--- Dataset extract ---

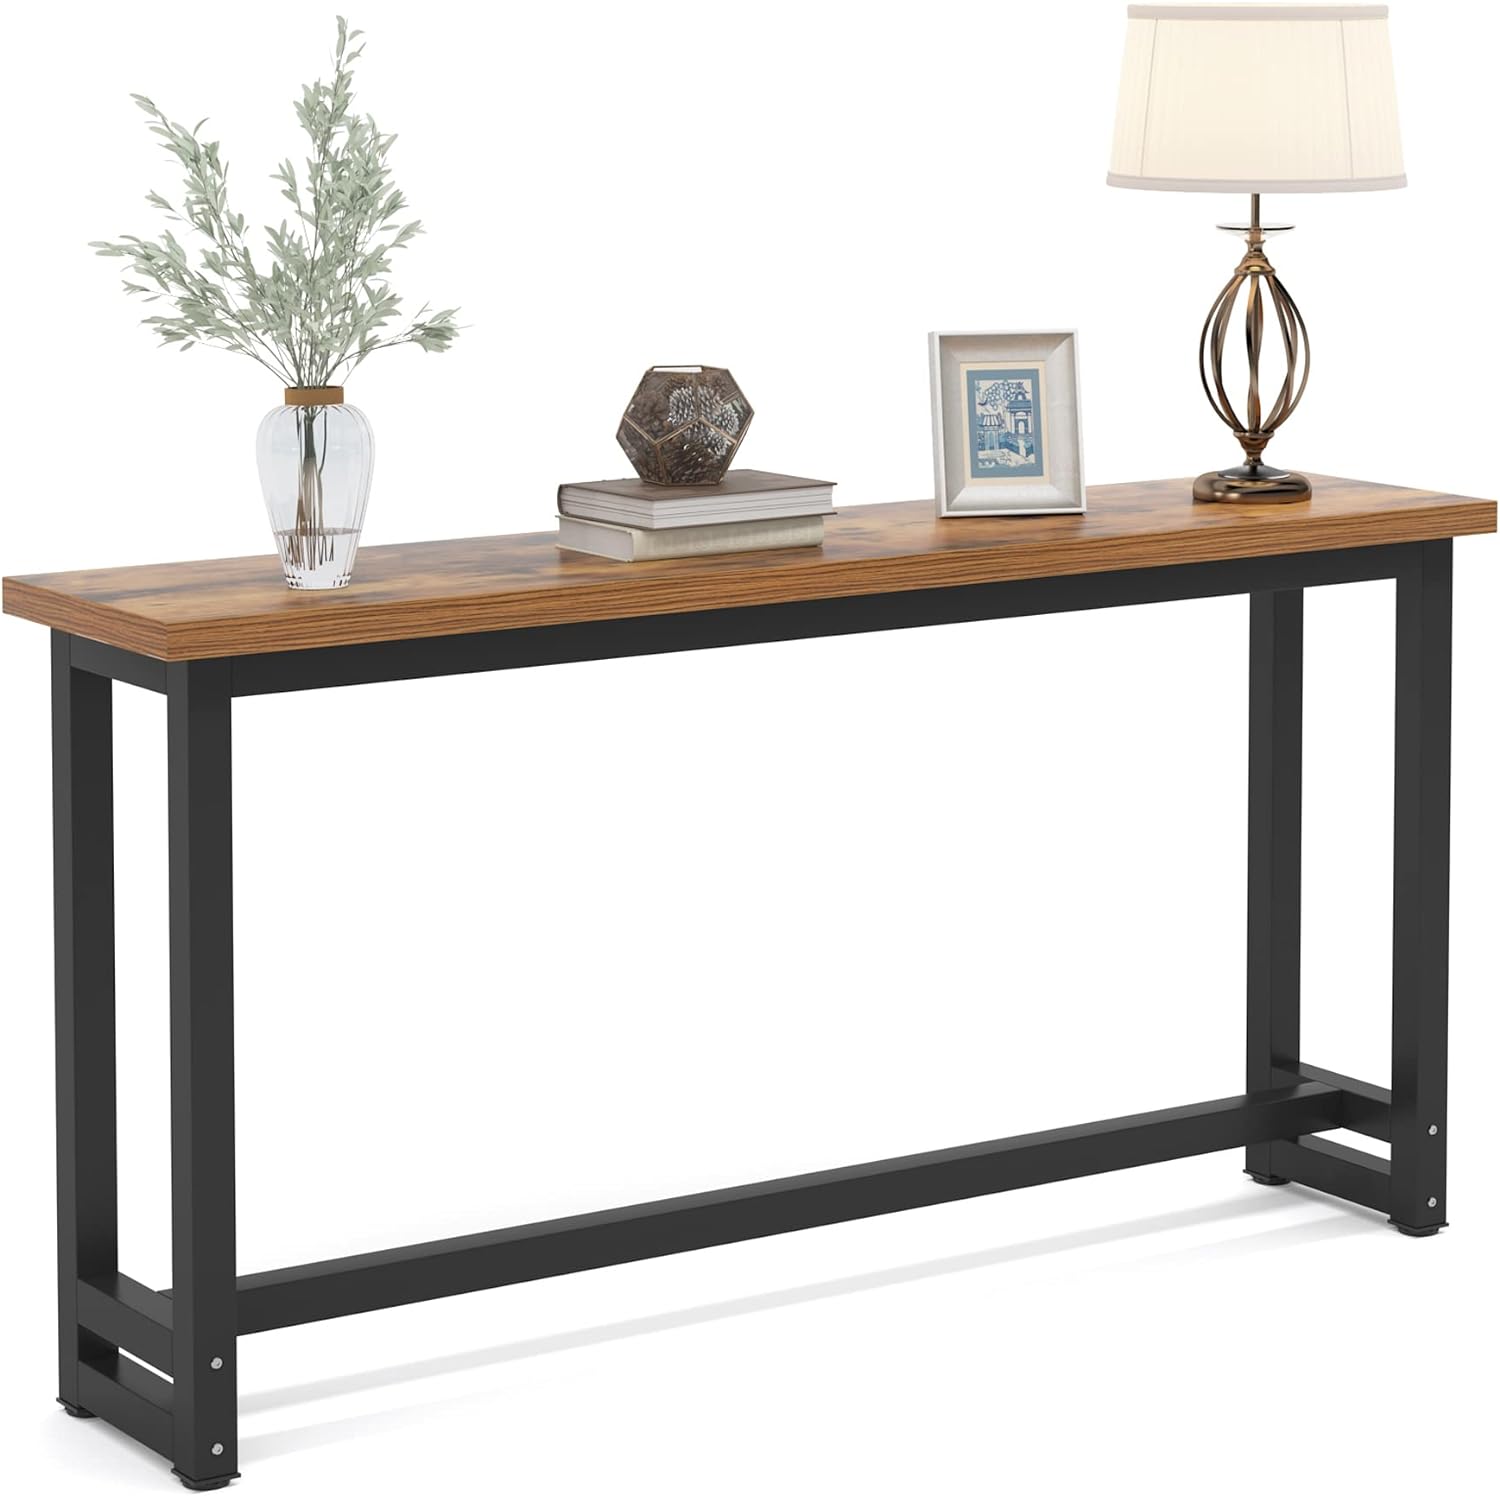 Console Table for Living Room, Meal Bench for Kitchen, Sofa End Table, Entryway and Hallway Console Table
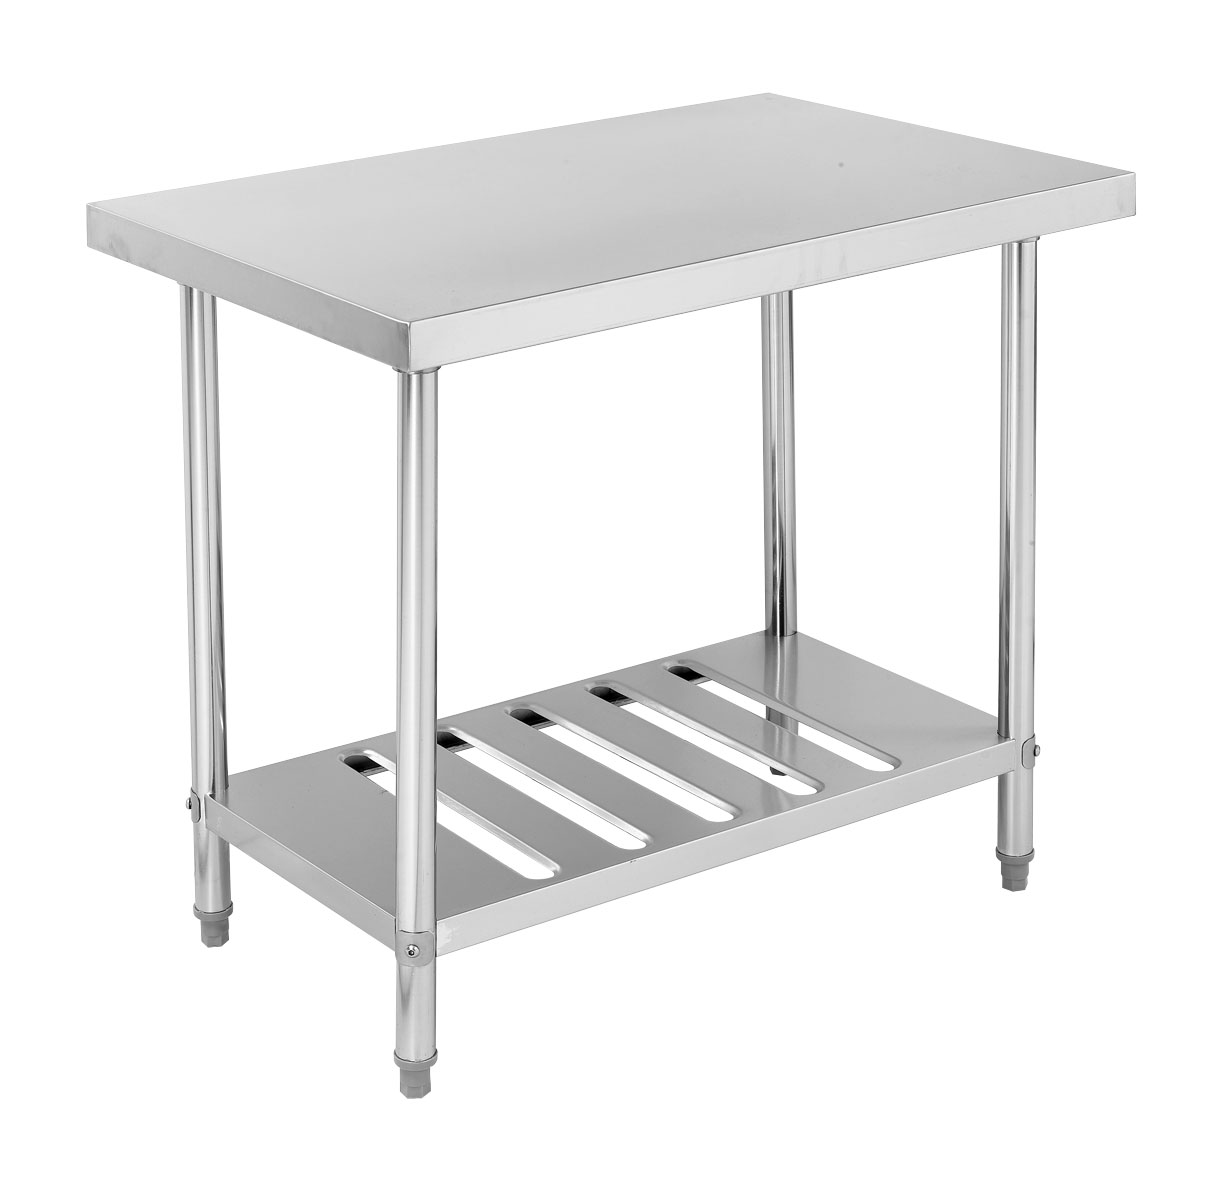 Catering preparation table Buffet catering food prep work bench 1800x600mm
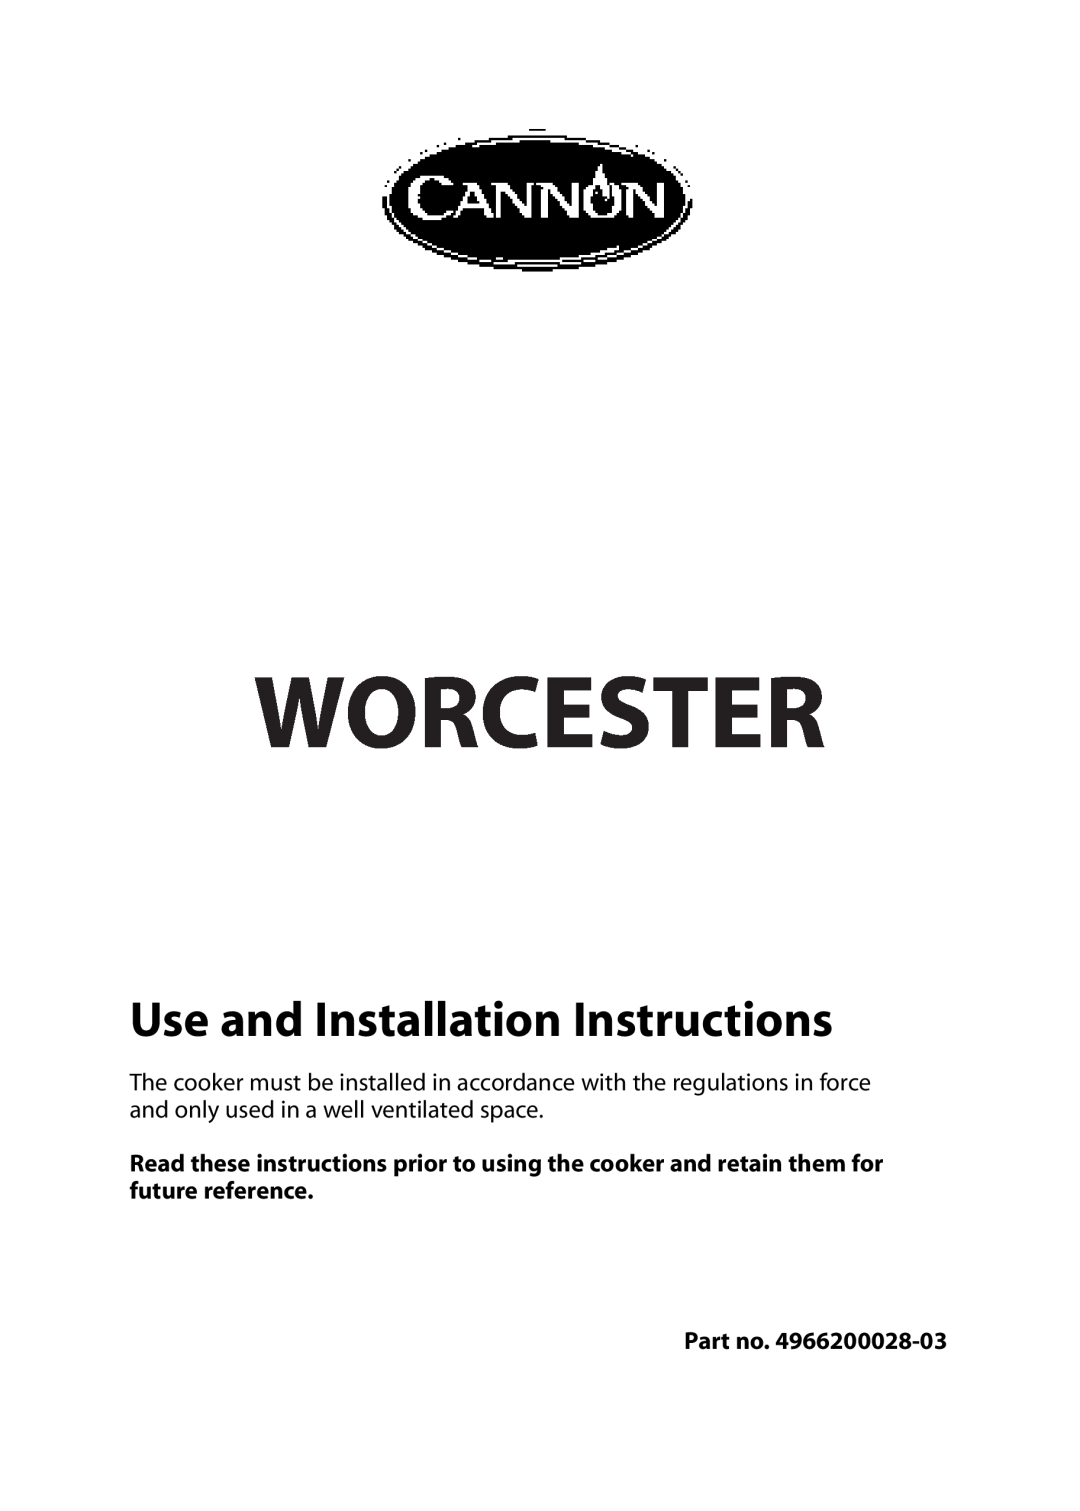 Cannon 10525G, 10526G, 10520G installation instructions Worcester, Use and Installation Instructions 
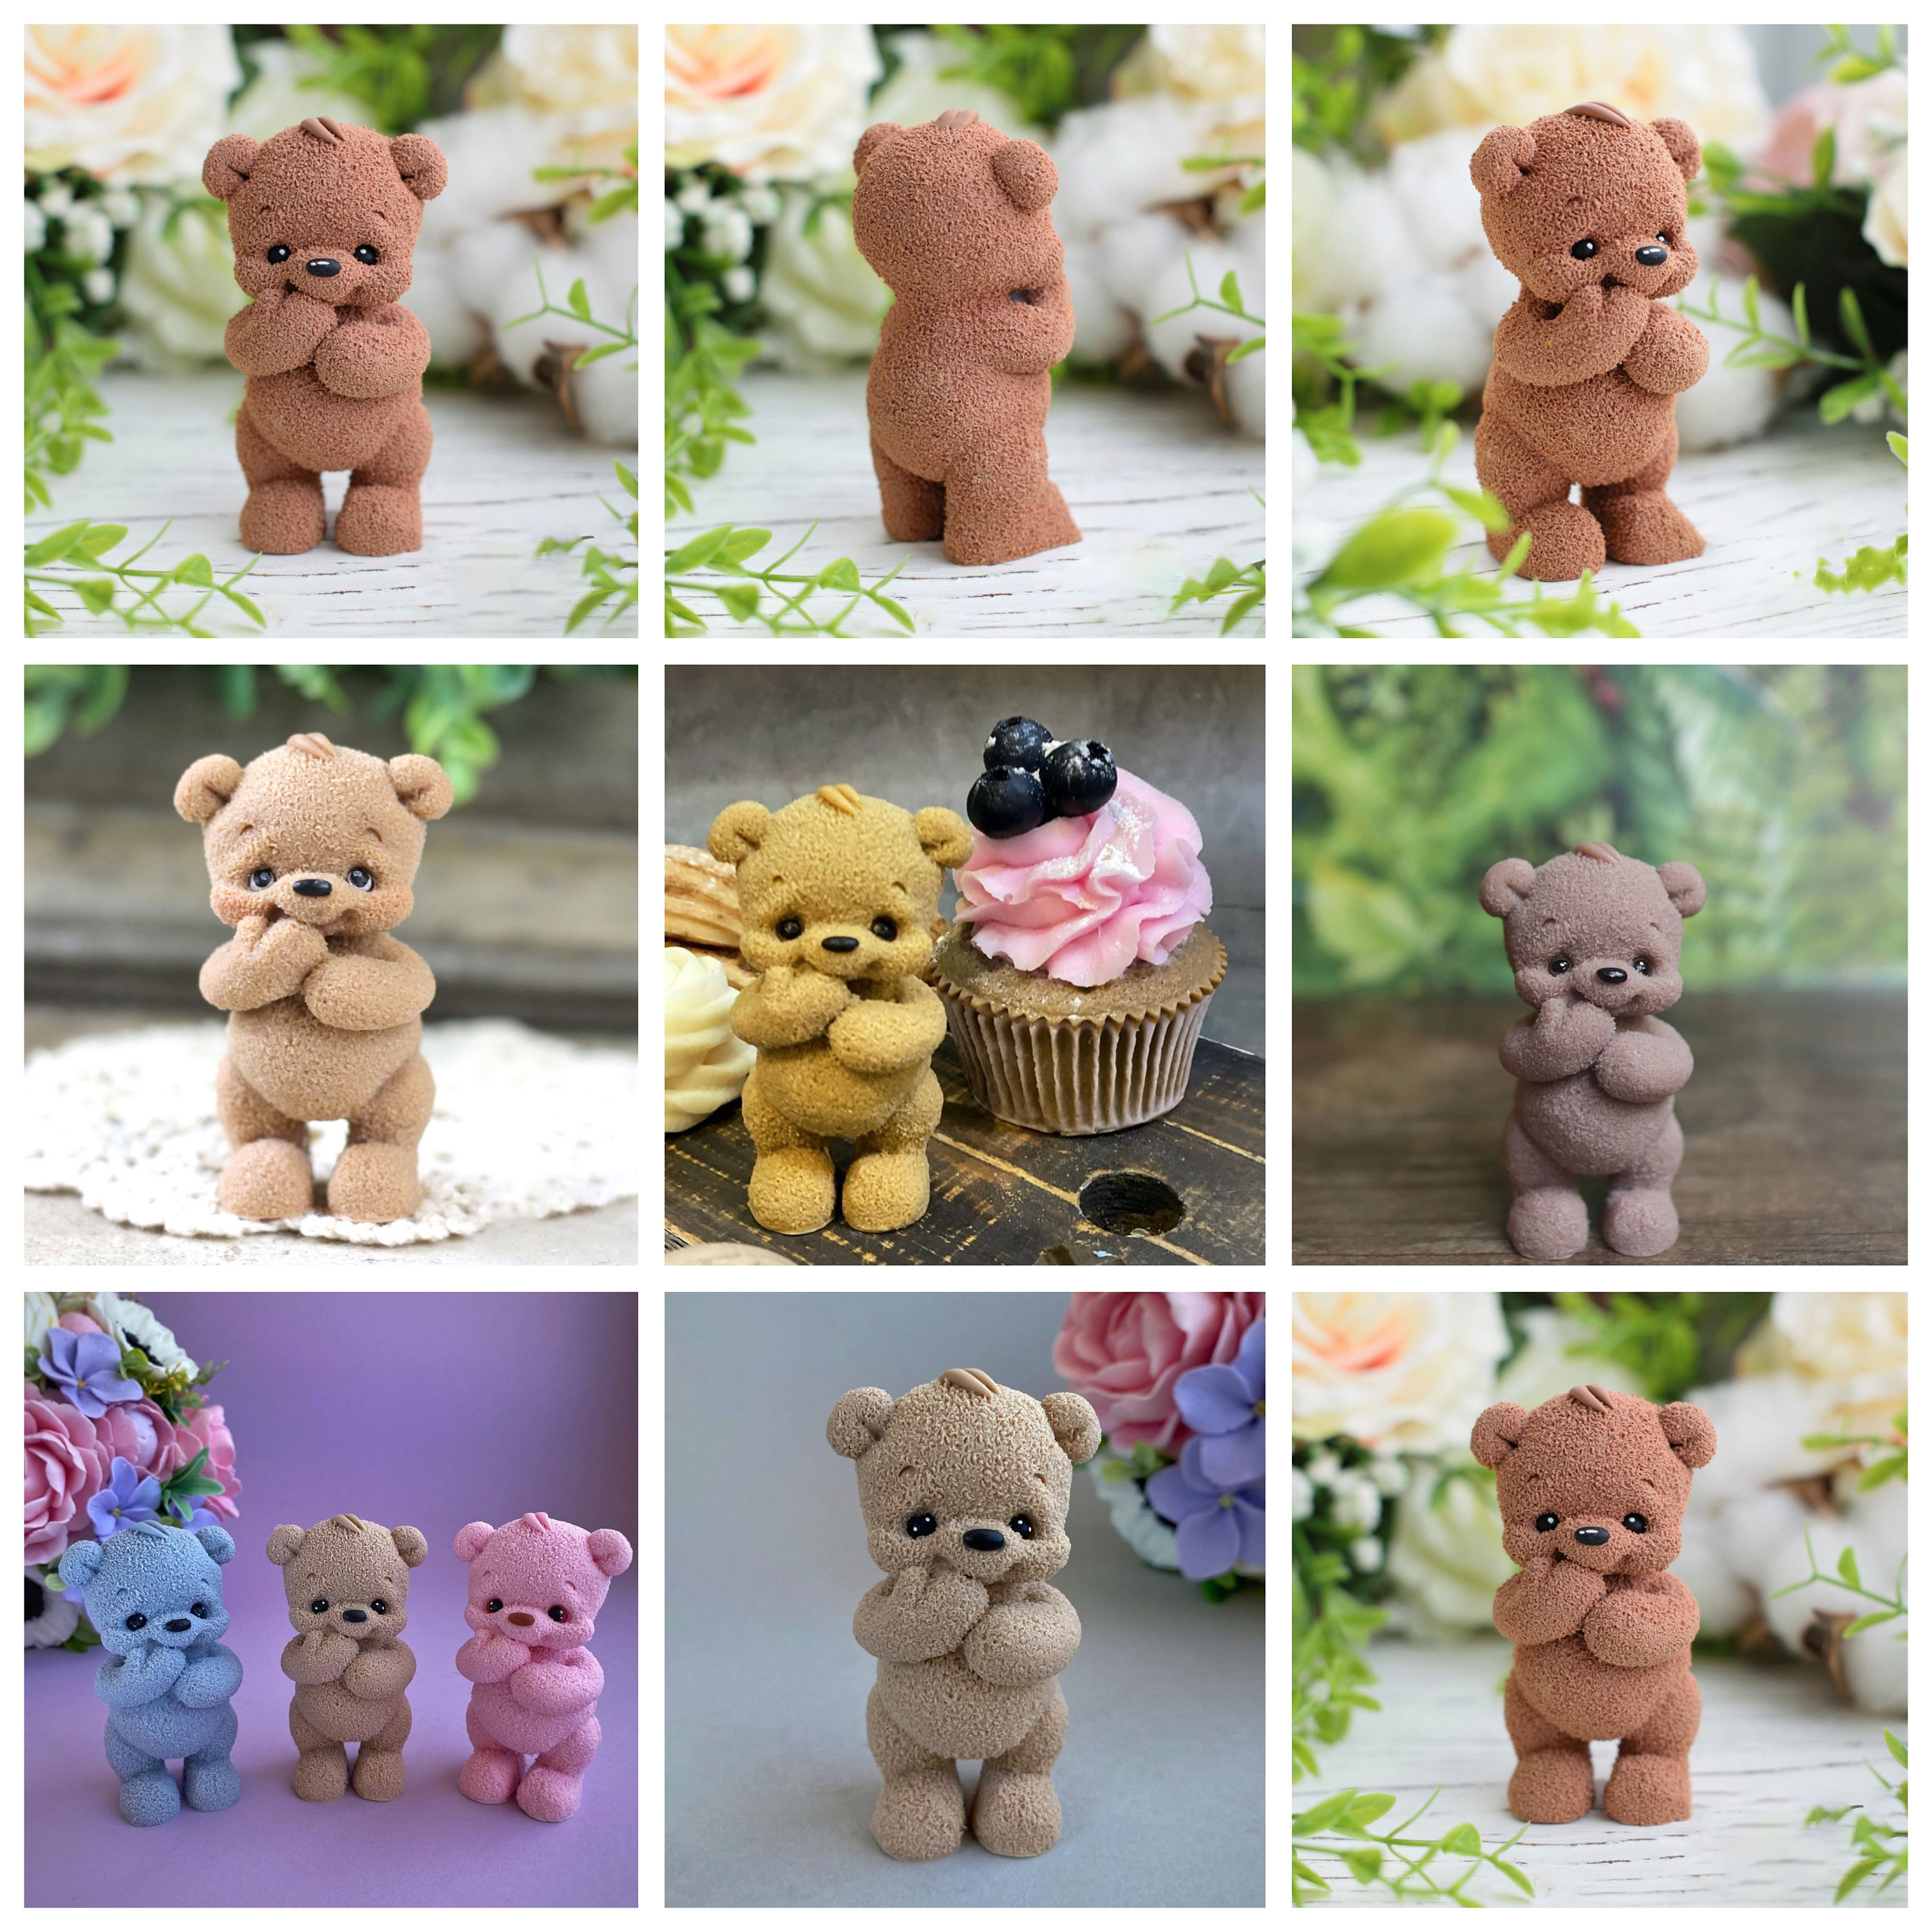 kaiwern 3D Bear Candle Mold, Silicone Candle Molds DIY Baby Bear Mold, 3D  Teddy Bear Silicone Fondant Soap Making Mold for Cake Baking Cupcake Topper

---

- Task brief -
The expected answer is the listing above, duplicated exactly, with its pictures removed.

- Result -
 Console Table for Living Room, Meal Bench for Kitchen, Sofa End Table, Entryway and Hallway Console Table
 Catering preparation table Buffet catering food prep work bench 1800x600mm
 Cannon 10525G, 10526G, 10520G installation instructions Worcester, Use and Installation Instructions 
 kaiwern 3D Bear Candle Mold, Silicone Candle Molds DIY Baby Bear Mold, 3D  Teddy Bear Silicone Fondant Soap Making Mold for Cake Baking Cupcake Topper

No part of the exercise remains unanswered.